### Required work:
The expected result is an exact copy of the lines from the one holding "Appendix 9C Asymptotically" to the last line of the material, with pictures removed and nothing added.

### Recorded information:
----
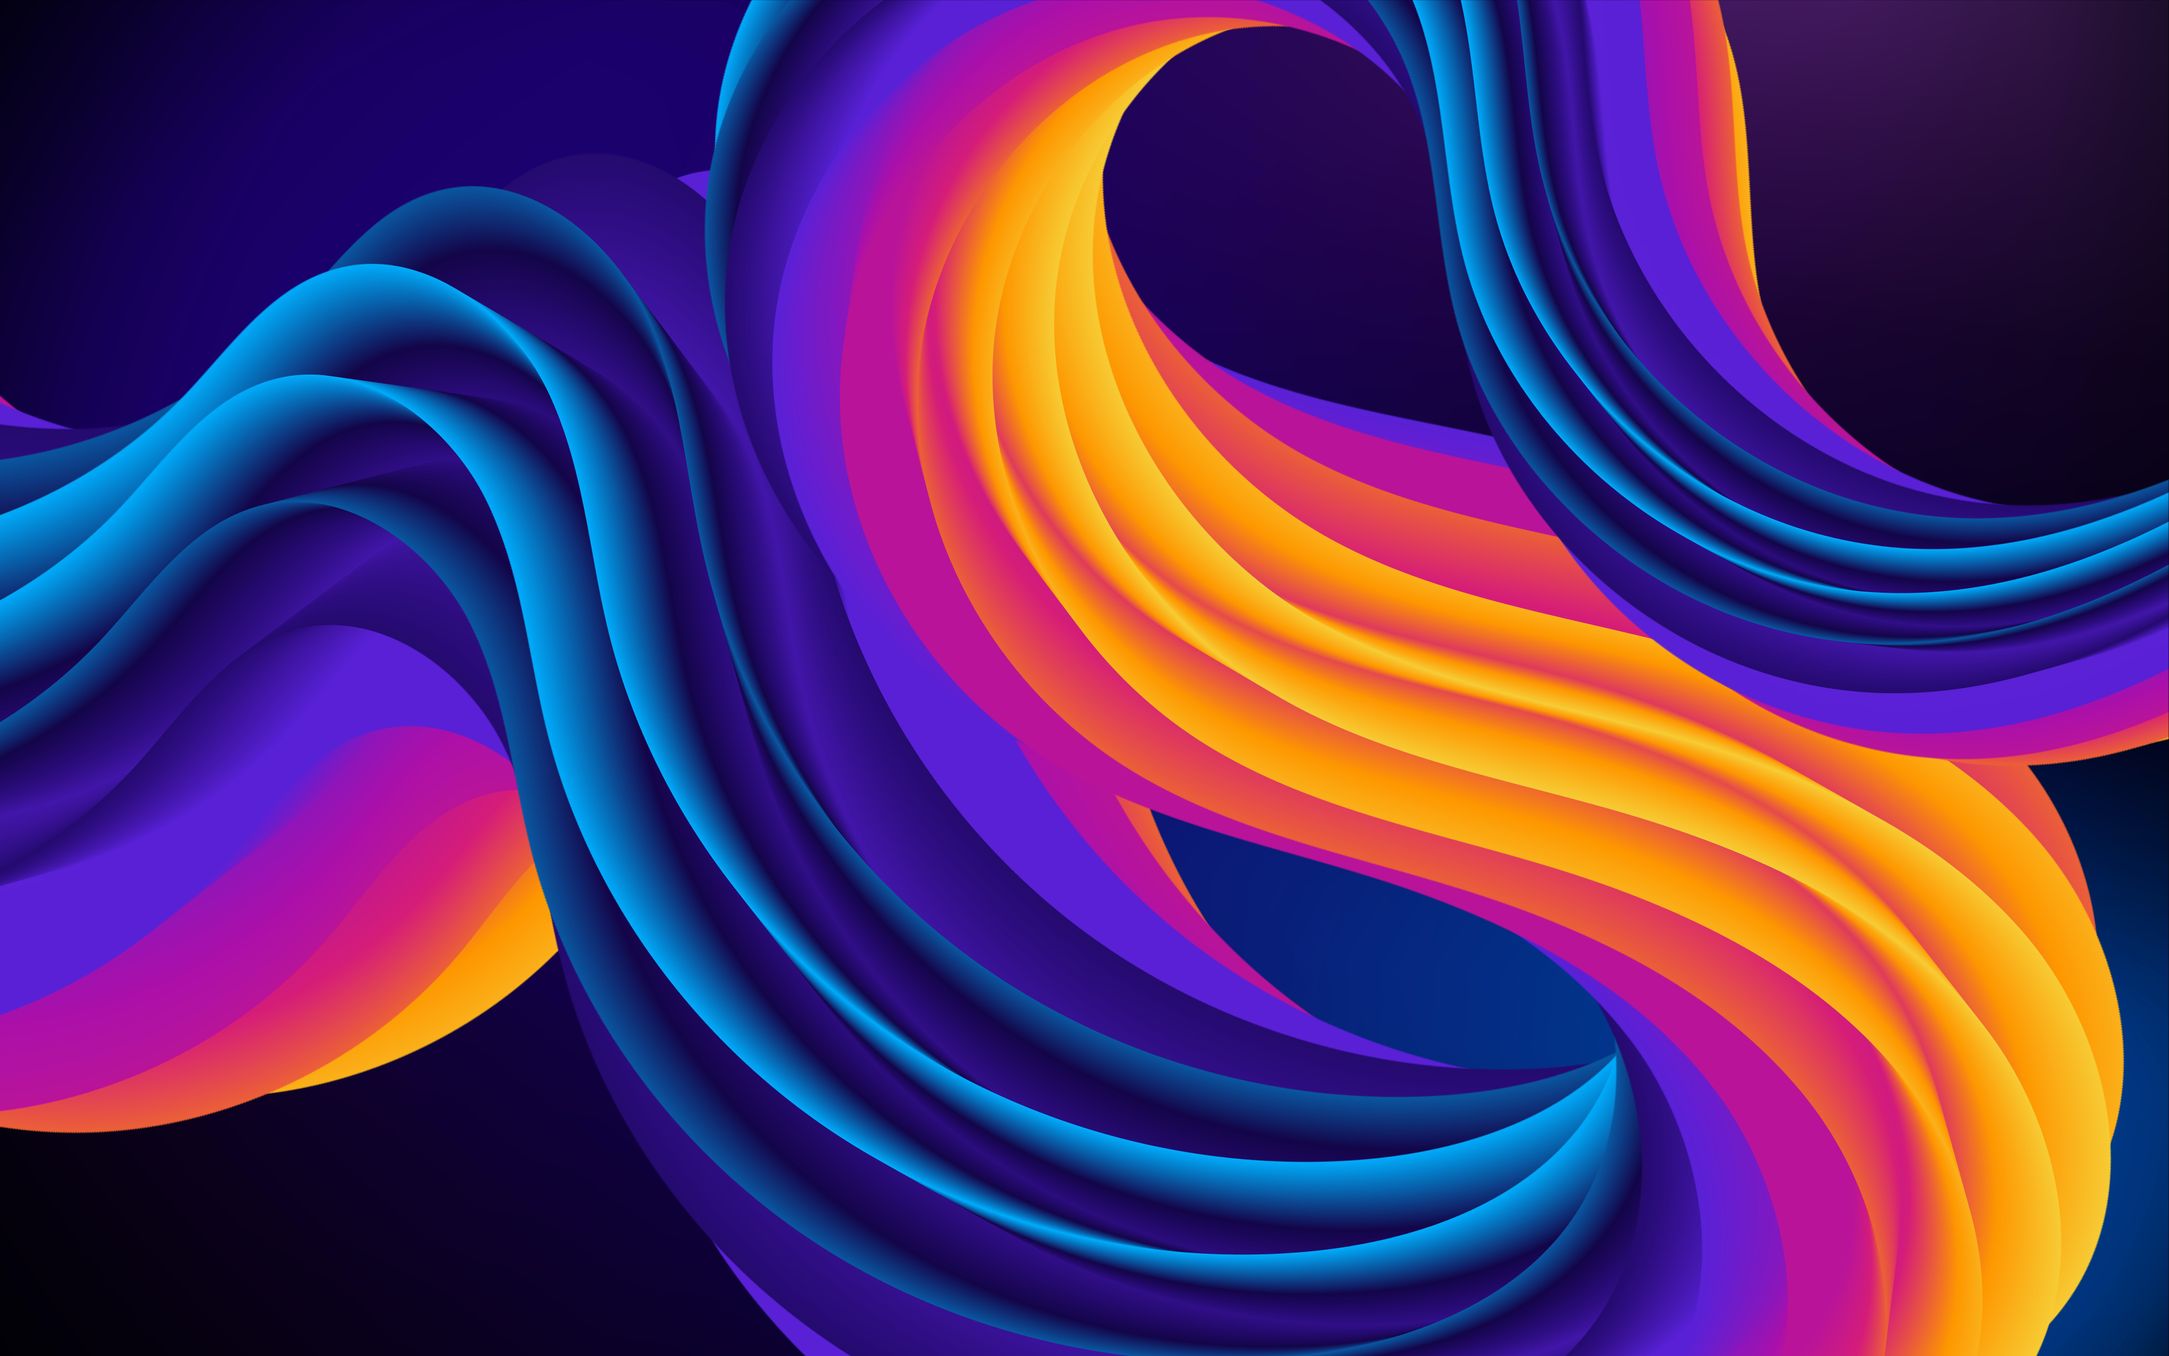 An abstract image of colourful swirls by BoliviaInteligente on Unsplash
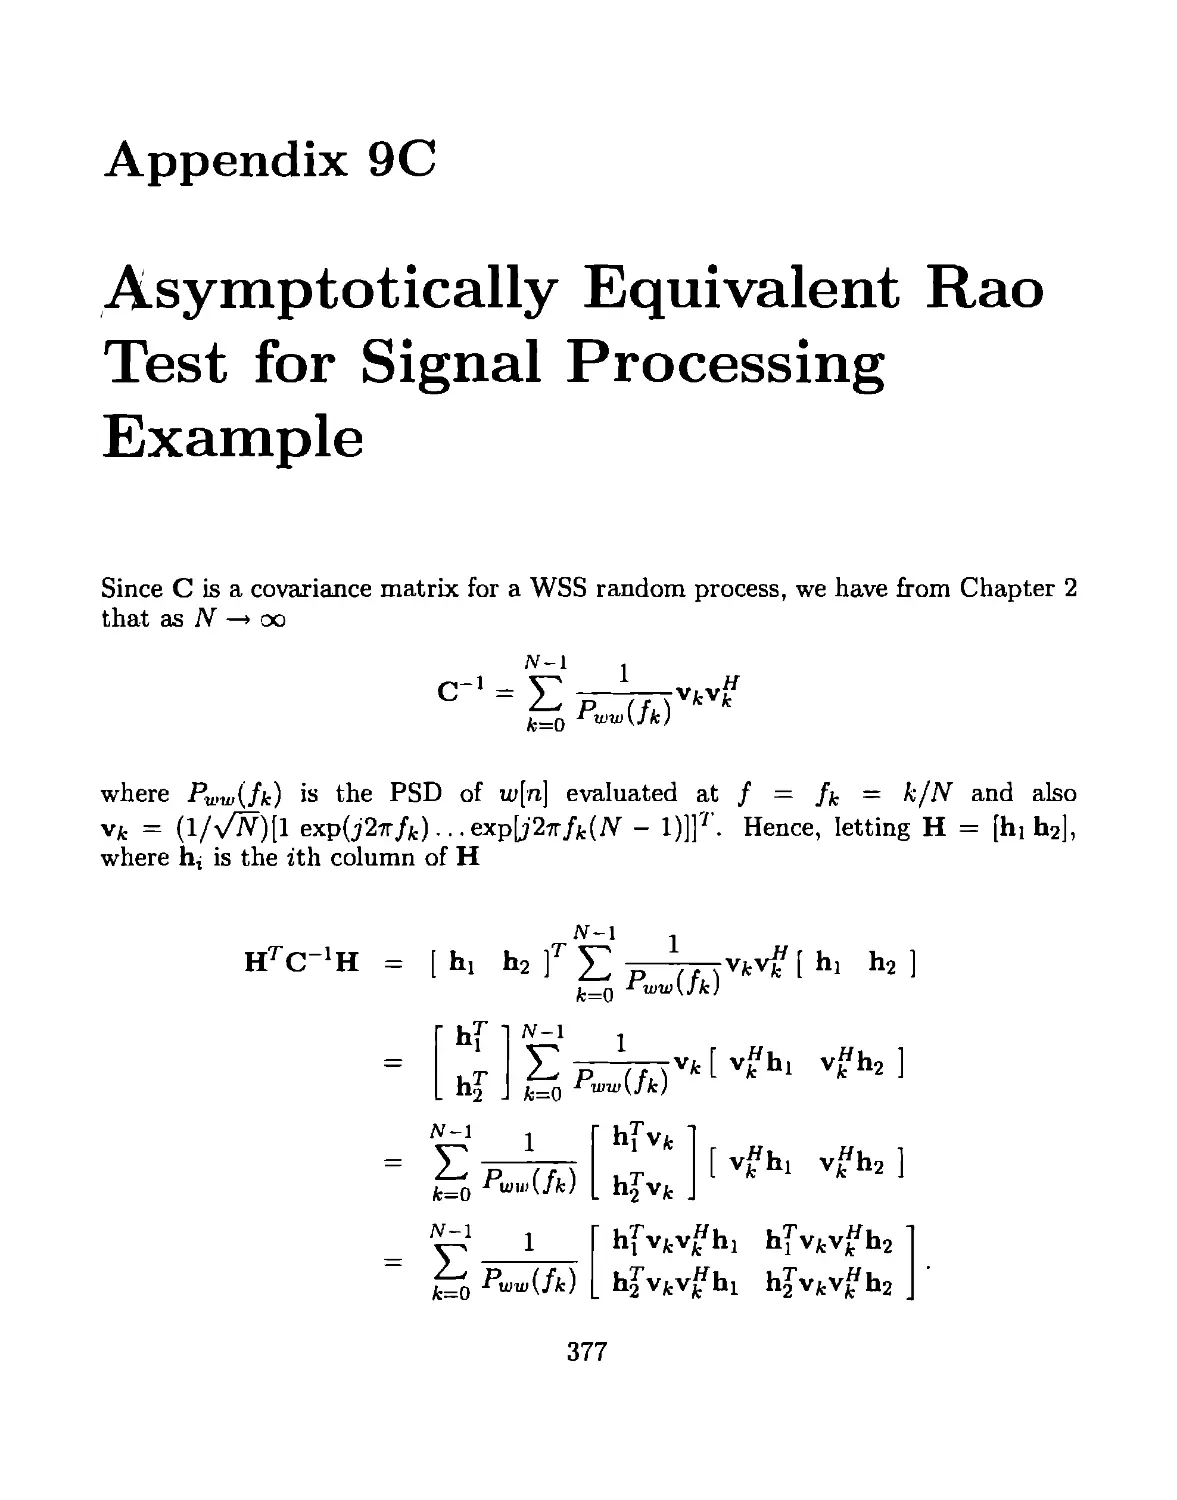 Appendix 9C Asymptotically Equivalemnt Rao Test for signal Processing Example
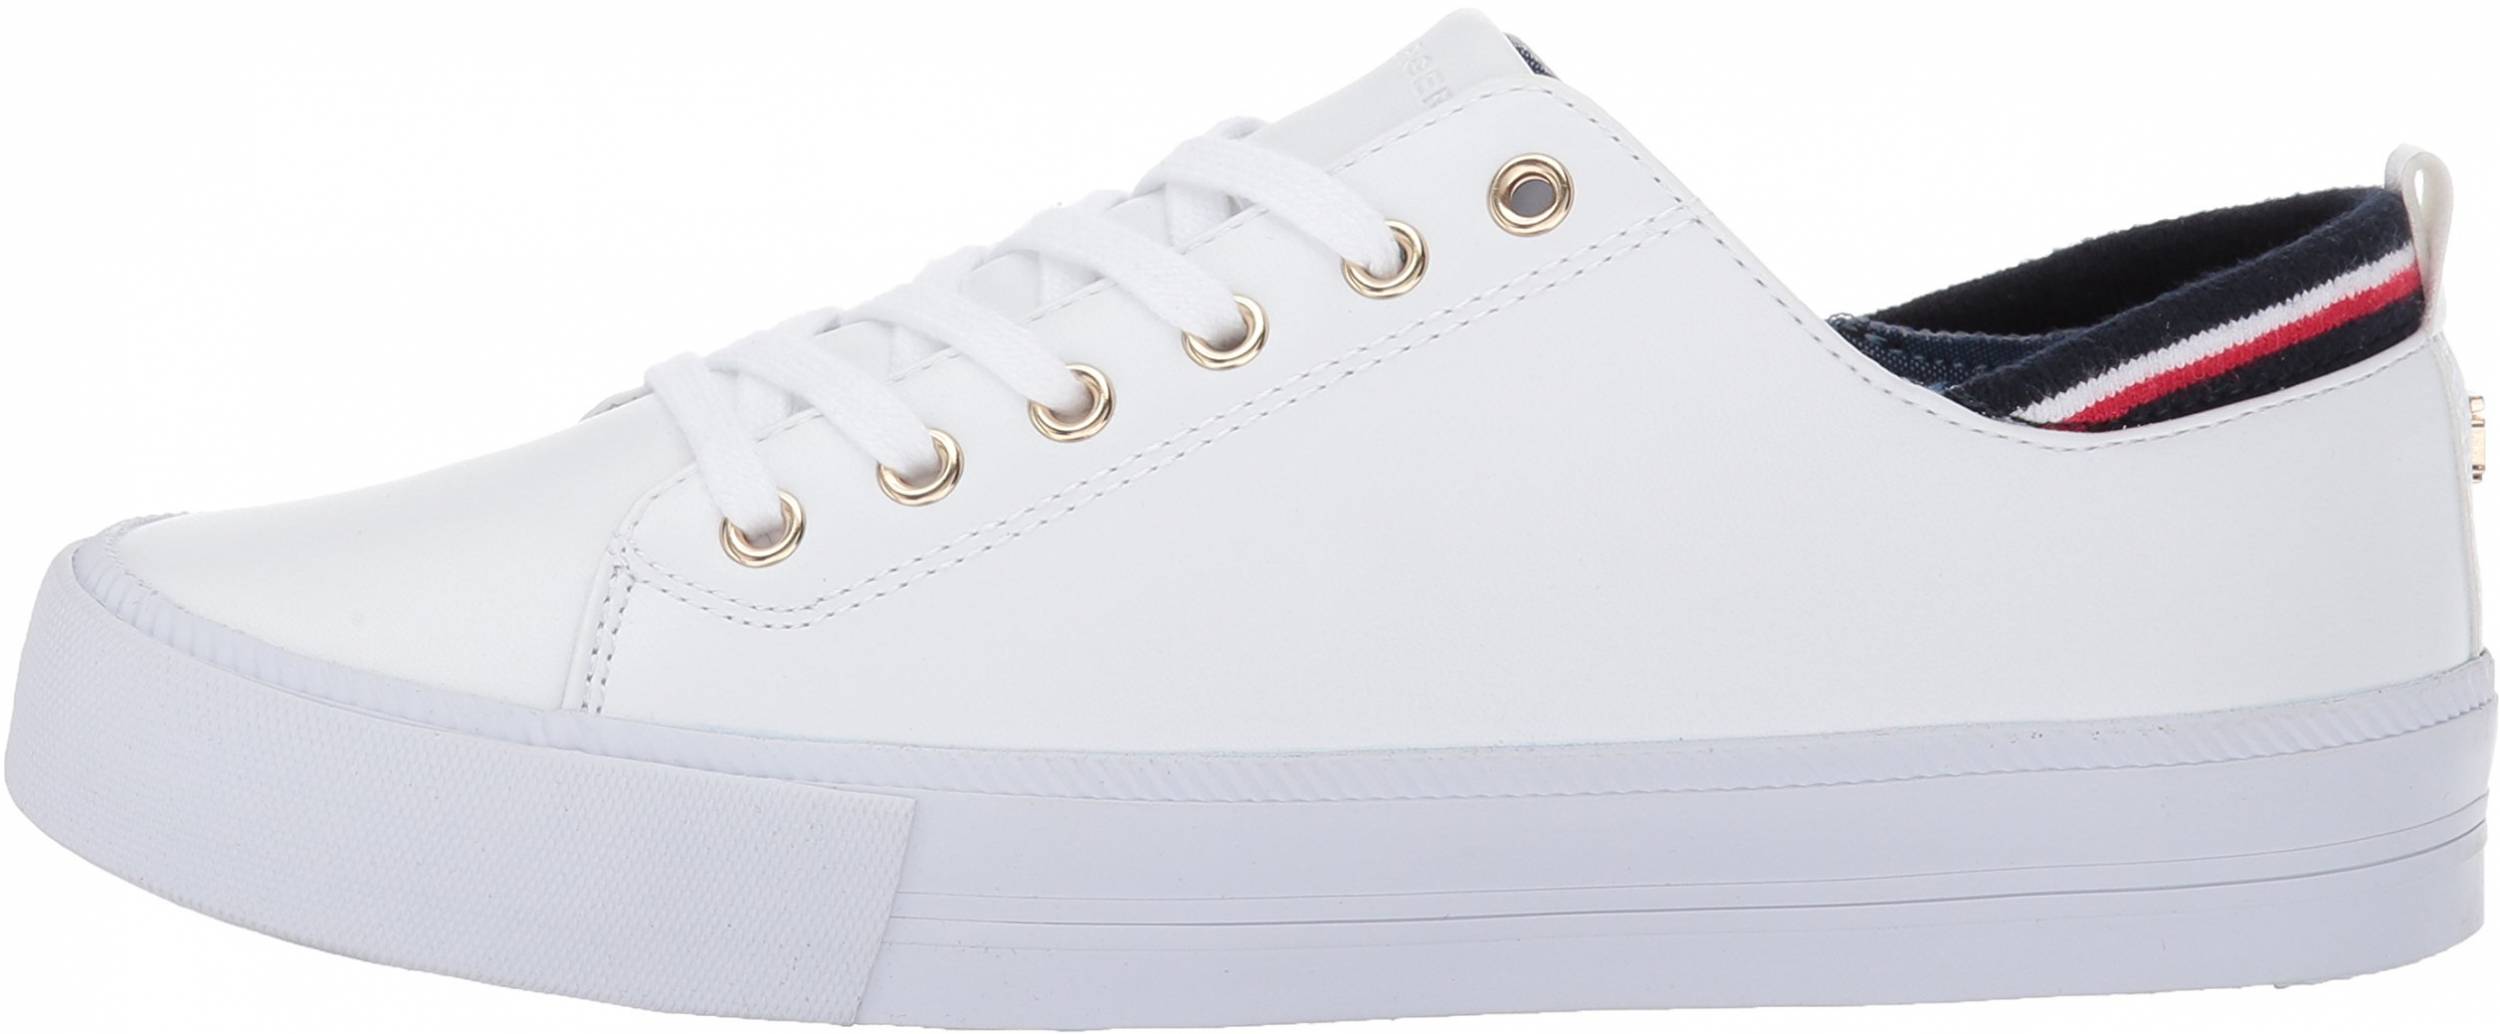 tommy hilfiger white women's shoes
----
### Answer:
 Appendix 9C Asymptotically Equivalemnt Rao Test for signal Processing Example
 tommy hilfiger white women's shoes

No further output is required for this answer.